RECORDS SHOWN:
◇ ◇ ◇ ◇ ◇
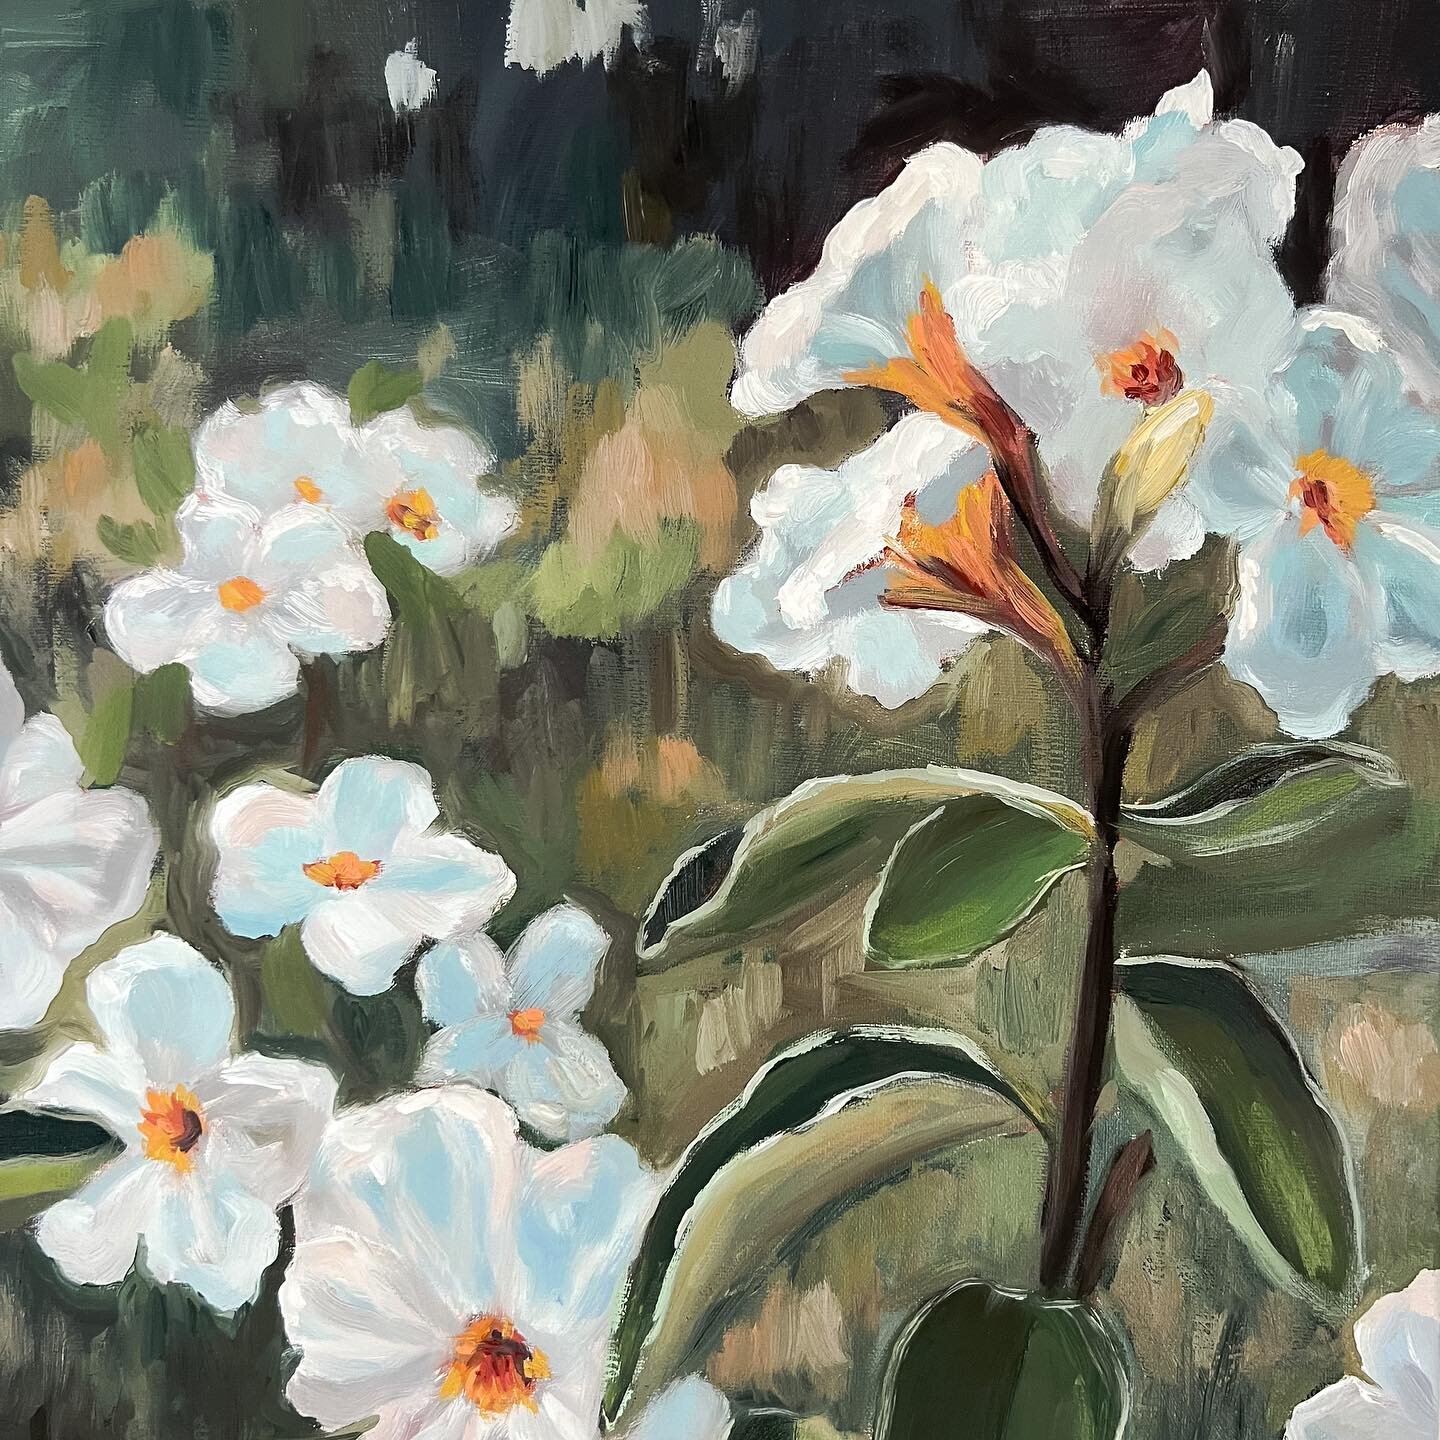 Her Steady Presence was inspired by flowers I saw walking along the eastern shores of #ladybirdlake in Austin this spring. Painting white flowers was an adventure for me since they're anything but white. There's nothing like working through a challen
◇ ◇ ◇ ◇ ◇
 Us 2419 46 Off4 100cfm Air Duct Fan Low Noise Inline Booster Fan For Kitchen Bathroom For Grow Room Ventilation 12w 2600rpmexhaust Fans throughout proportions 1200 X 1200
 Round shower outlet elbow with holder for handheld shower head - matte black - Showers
◇ ◇ ◇ ◇ ◇
TASK BRIEF: Where the line holding "Us 2419 46 Off4" appears in the listing above, start reproducing exactly, and end with the line holding "Round shower outlet".

PROBLEM SOLUTION:
 Us 2419 46 Off4 100cfm Air Duct Fan Low Noise Inline Booster Fan For Kitchen Bathroom For Grow Room Ventilation 12w 2600rpmexhaust Fans throughout proportions 1200 X 1200
 Round shower outlet elbow with holder for handheld shower head - matte black - Showers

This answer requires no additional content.